Kejing
Xie‡
a,
Zeyuan
Shen‡
b,
Peng
Cheng
a,
Haoxiang
Dong
a,
Zhi-Xiang
Yu
*b and
Liansuo
Zu
*a
aSchool of Pharmaceutical Sciences, Key Laboratory of Bioorganic Phosphorus Chemistry & Chemical Biology (Ministry of Education), Beijing Frontier Research Center for Biological Structure, Tsinghua University, Beijing 100084, China. E-mail: zuliansuo@tsinghua.edu.cn
bBeijing National Laboratory for Molecular Sciences (BNLMS), Key Laboratory of Bioorganic Chemistry and Molecular Engineering of Ministry of Education, College of Chemistry, Peking University, Beijing 100871, China. E-mail: yuzx@pku.edu.cn
First published on 5th July 2024
The Pictet–Spengler type condensation of tryptamine derivatives and aldehydes or ketones is a classic reaction, and has been previously applied to assemble indole-annulated 5-, 6- and 8-membered heterocyclic rings. In this work, we further expand the synthetic scope of this reaction to the 7-membered azepino[4,5-b]indole skeleton through the direct C–H functionalization of 2-alkyl tryptamines, in which the non-activated methylene group participates in a 7-membered ring formation with aldehydes. By combining this unprecedented ring-forming process with a second C–H olefination at the same carbon, the concise total synthesis of natural products ngouniensines is achieved, demonstrating the synthetic potential of the developed chemistry in simplifying retrosynthetic disconnections.
The 7-membered azepino[4,5-b]indole skeleton (IV, Fig. 1) is characteristic of a variety of indole alkaloids, as exemplified by the structures of ngouniensines (1a, 1b), ibogaine and many others.6–16 The significance of the azepino[4,5-b]indole skeleton as an essential therapeutic pharmacophore has been recently highlighted by the structural simplification of ibogaine, leading to the development of tabernanthalog (Fig. 1) as a safer and non-hallucinogenic psychedelic analog with therapeutic potential.17 In contrast to the structural and biological importance of the azepino[4,5-b]indole skeleton (IV), relatively few synthetic methods have been developed for its synthesis, which mainly have relied on the inherent reactivity of functional groups toward ring forming processes.18–31 While a variety of azepino[4,5-b]indoles with varied substitution patterns could be thus generated, the resulting structural diversity could not fully meet the demand for the synthesis of natural products and diversified synthetic analogs. Herein, we report an unprecedented approach for the synthesis of the azepino[4,5-b]indole skeleton by the direct C–H functionalization of 2-alkyl tryptamines, and showcase the synthetic utility in the concise total synthesis of ngouniensines.

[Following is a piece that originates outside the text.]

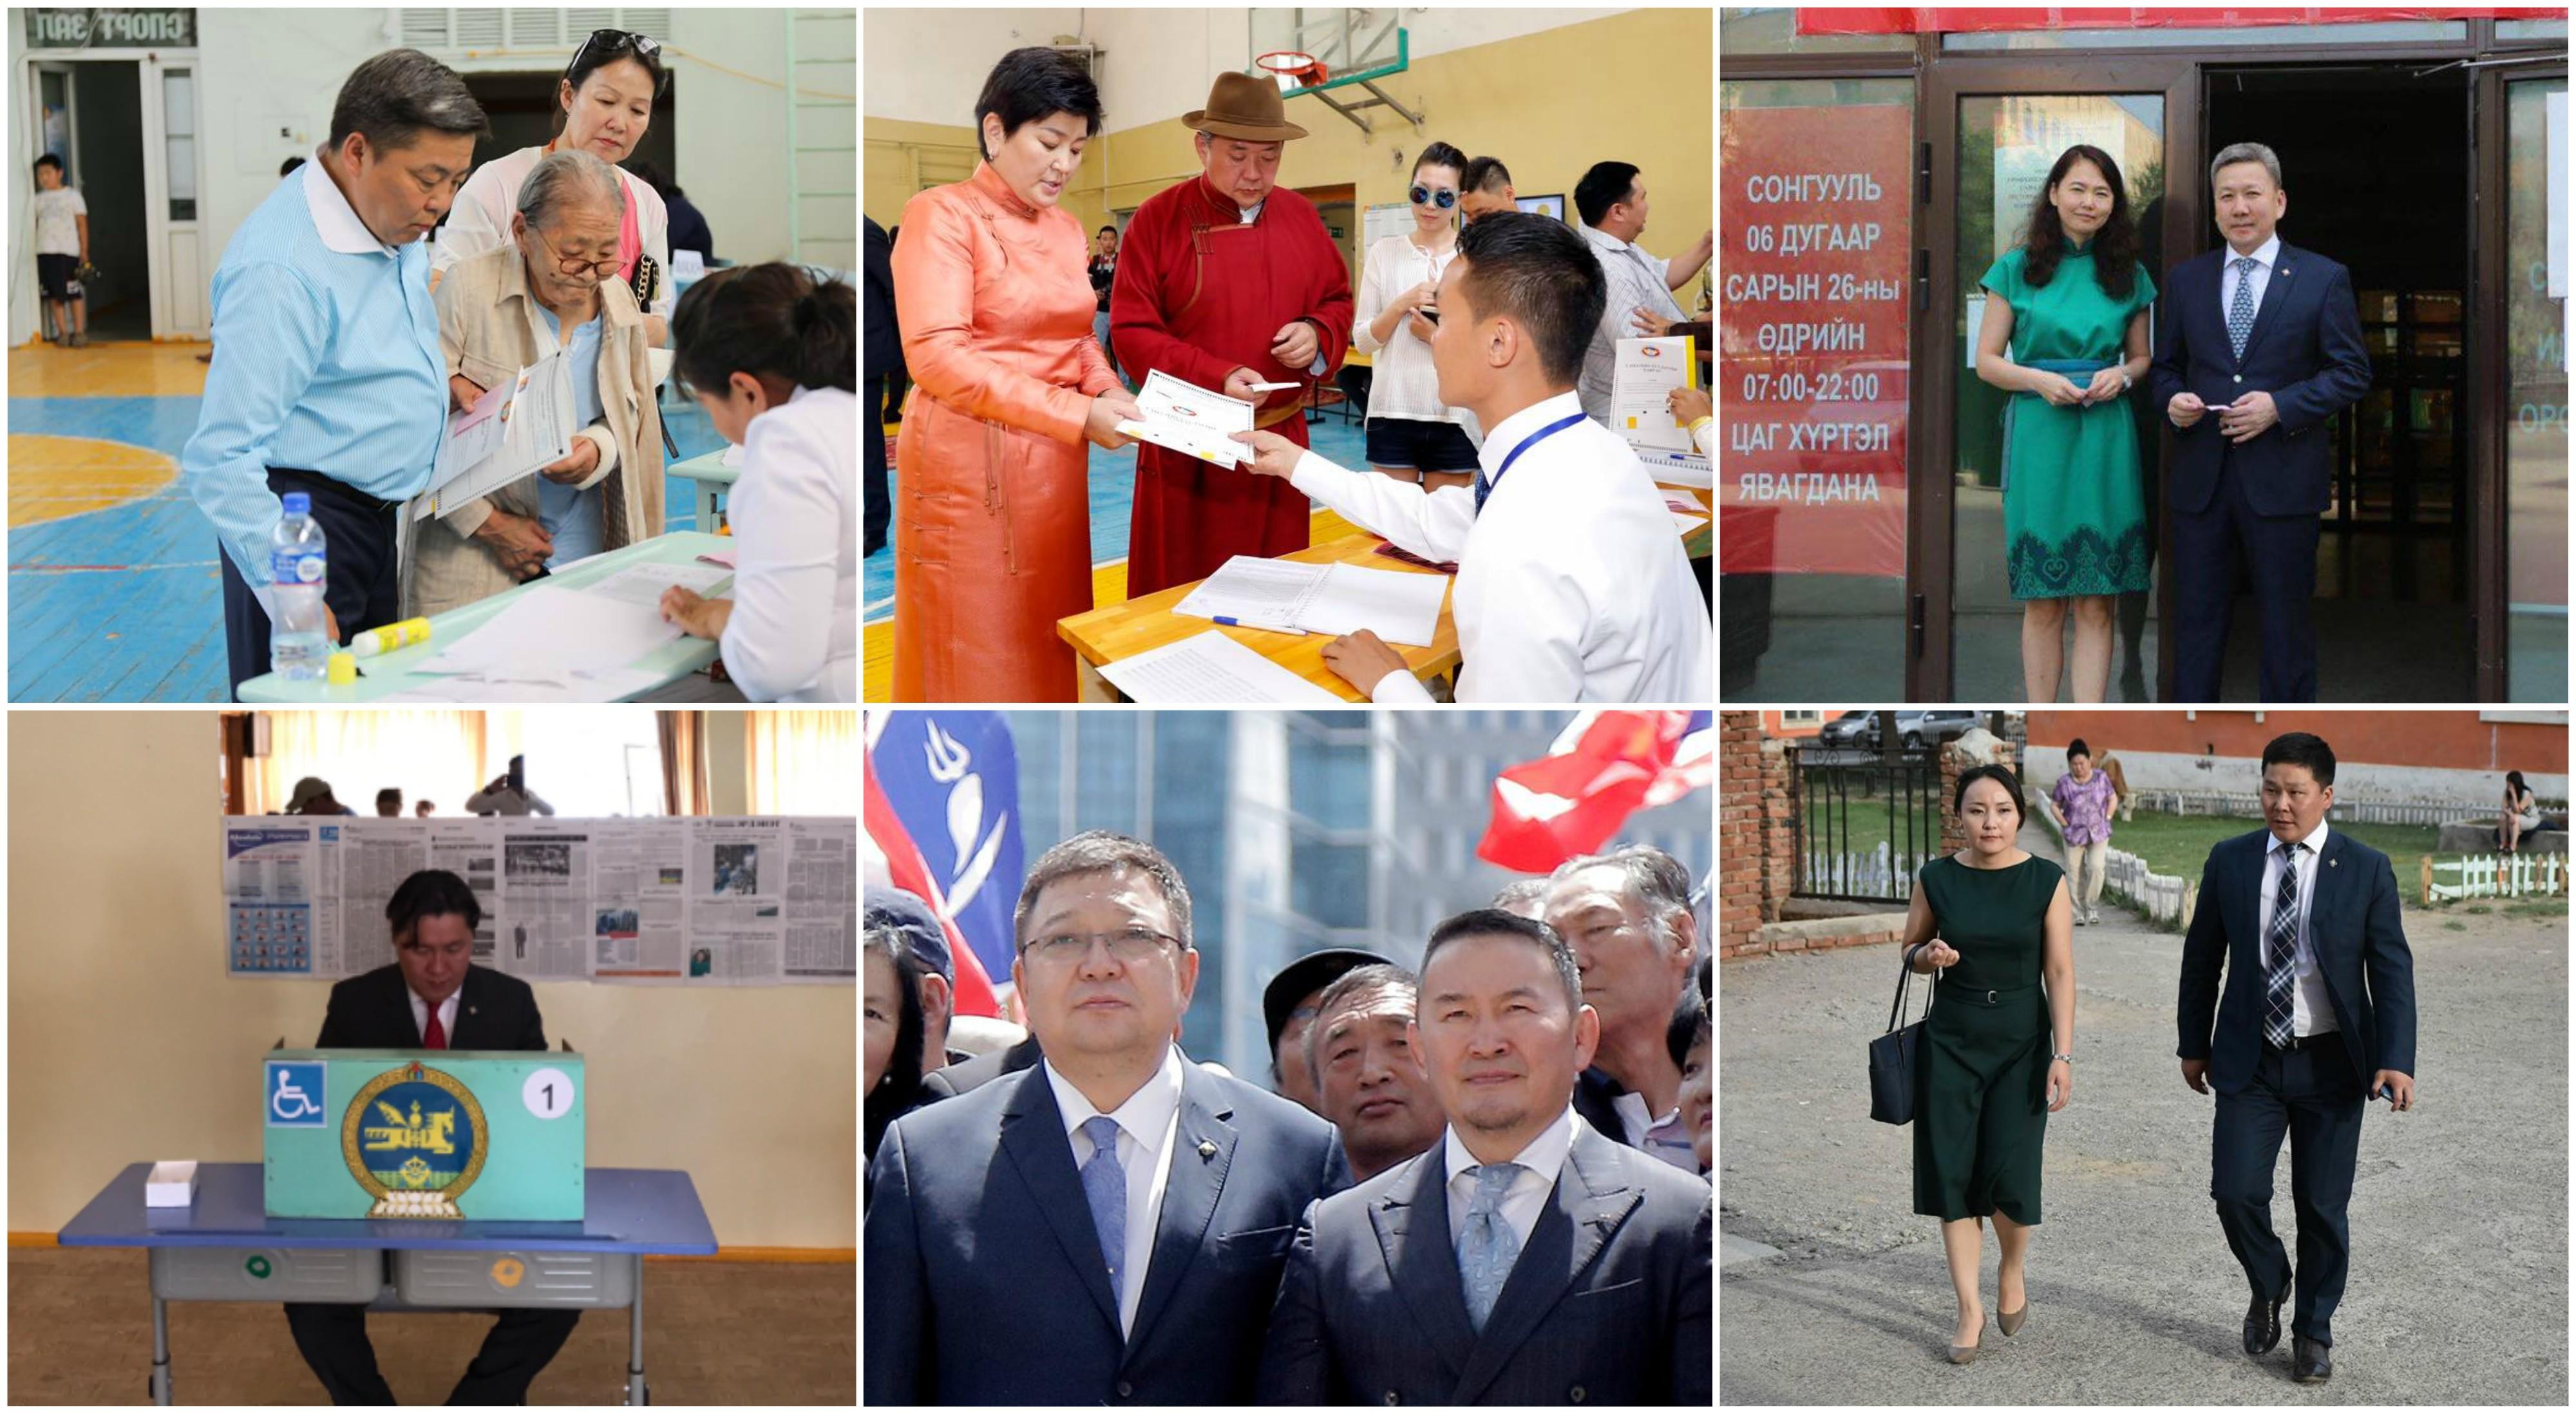 Монгол Улсын 5 дахь Ерөнхийлөгчийг сонгох өдөр гишүүд...

The application of C–H functionalization logic in chemical synthesis has become a vibrant research area due to the admirable ability in simplifying retrosynthetic disconnections by avoiding the preinstallation of requisite functional groups.32 The indole alkaloids ngouniensines (1a, 1b)33,34 structurally feature the azepino[4,5-b]indole core and an exocyclic conjugated alkene, which were both constructed by the manipulation of preinstalled functional groups in the previous synthesis.6 We surmised to develop a C–H functionalization based approach, not only to offer a concise entry to ngouniensines, but also to facilitate the preparation of azepino[4,5-b]indole containing molecules in general. Specifically, as depicted in Fig. 1, we envisioned to construct the azepino[4,5-b]indole skeleton by the direct C–H functionalization of 2-alkyl tryptamines 2, in which the non-activated methylene at C2 would participate in a 7-membered ring formation with aldehydes 3. The direct coupling of 2 and 3 could be regarded as a homologated Pictet–Spengler condensation, which, if realized, would further expand the synthetic scope of this classic reaction beyond the indole-annulated 5-, 6- and 8-membered heterocyclic skeletons (I–III, Fig. 1). The exocyclic conjugated alkene in ngouniensines could be introduced by a second C–H functionalization of the same carbon with formaldehyde (R1 = H). Based on the above hypothesis, the chemical synthesis of ngouniensines could be attempted with unconventional bond disconnection tactics.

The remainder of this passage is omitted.